PROBLEM
Would you please copy all of the data exactly, skipping the images?

THE DATA
══════════════════════════════
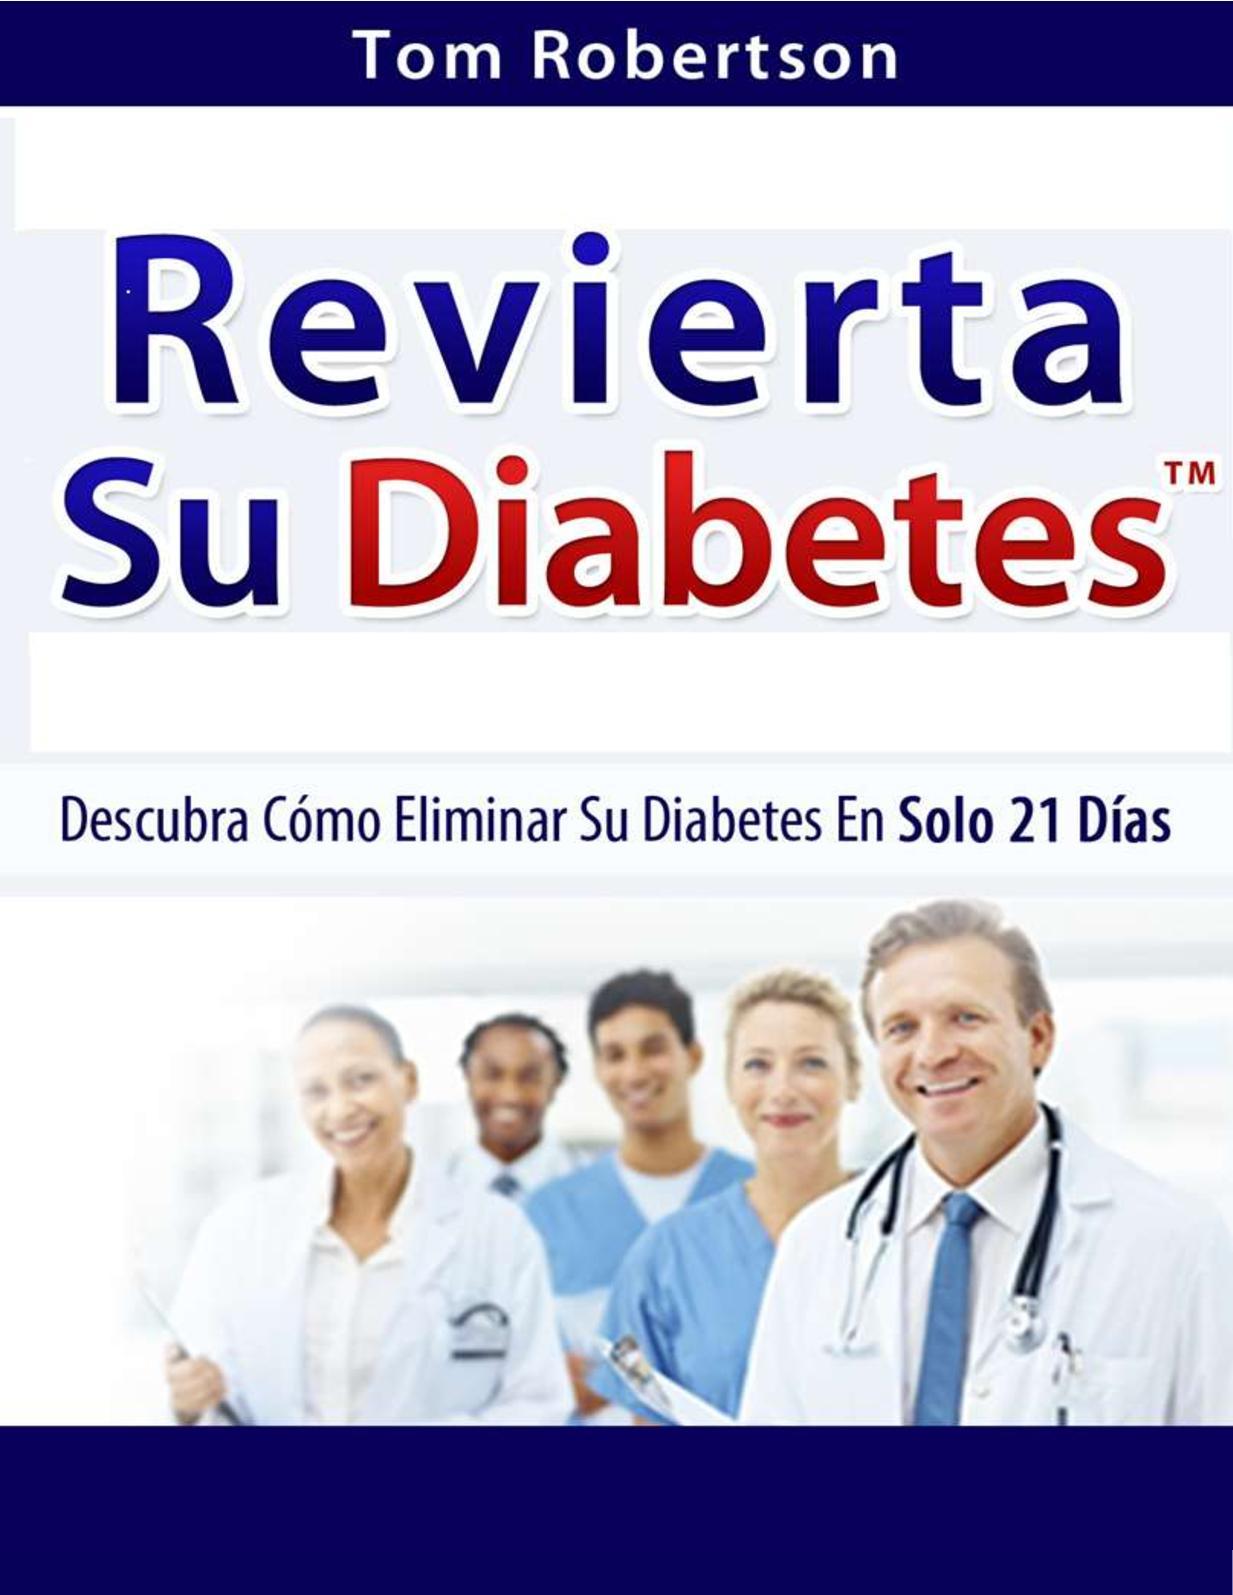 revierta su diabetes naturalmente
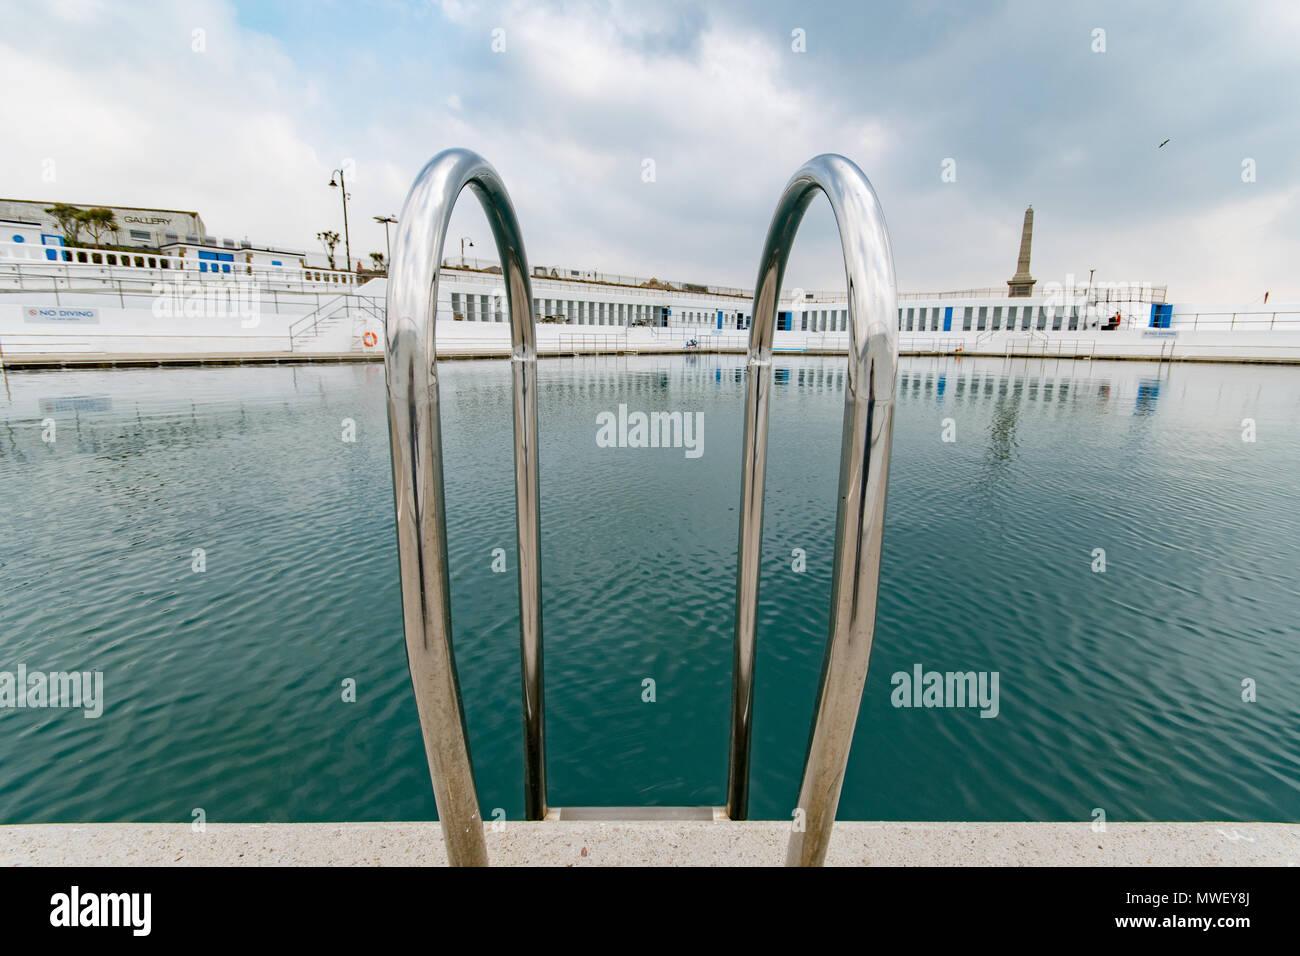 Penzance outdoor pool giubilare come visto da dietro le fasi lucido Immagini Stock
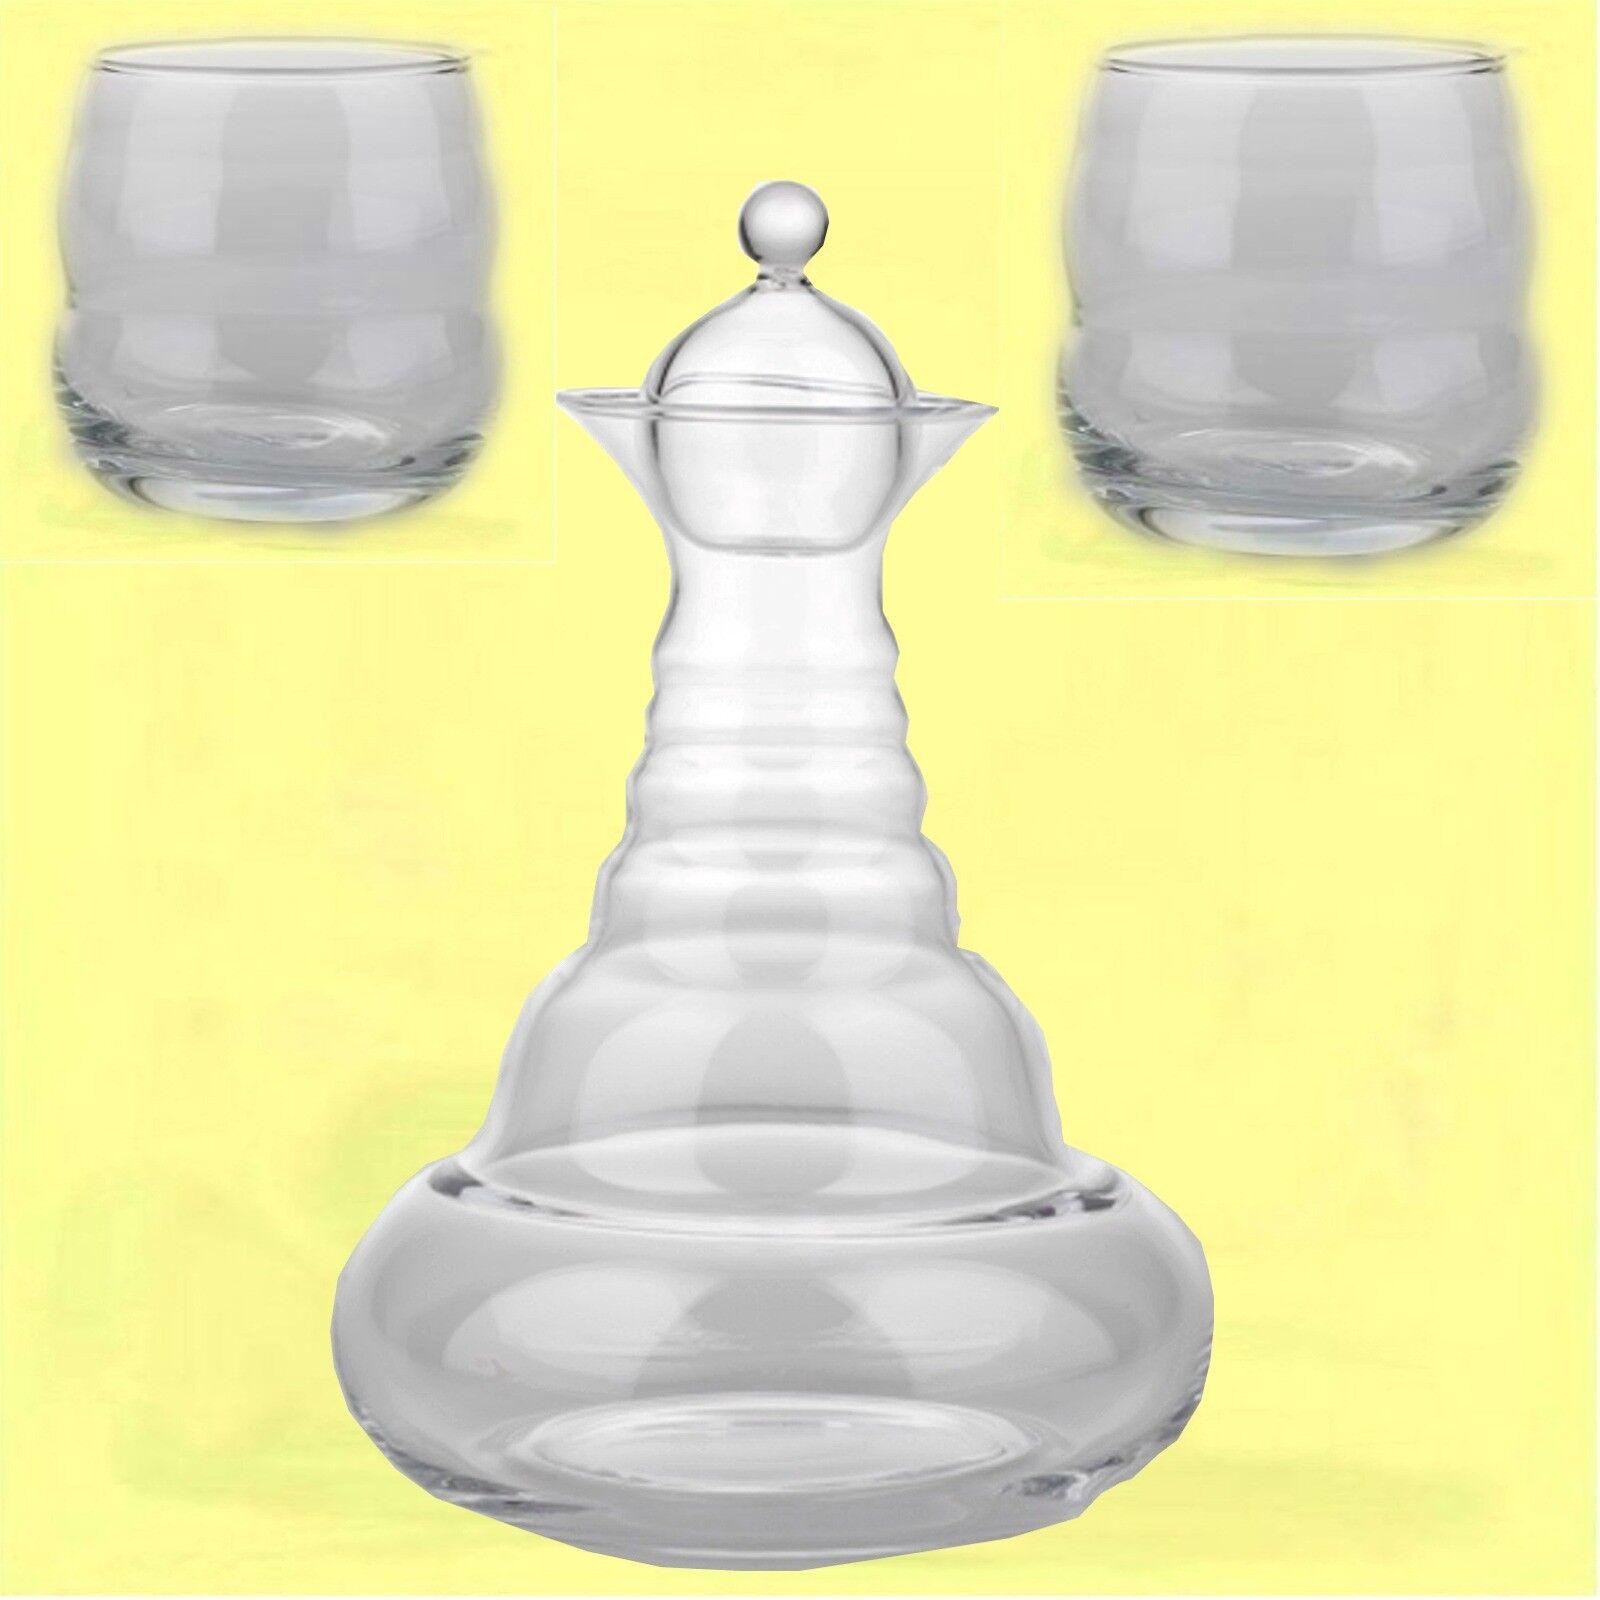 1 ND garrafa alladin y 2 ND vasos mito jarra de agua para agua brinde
══════════════════════════════
TASK RESPONSE
 revierta su diabetes naturalmente
 Penzance outdoor pool giubilare come visto da dietro le fasi lucido Immagini Stock
 1 ND garrafa alladin y 2 ND vasos mito jarra de agua para agua brinde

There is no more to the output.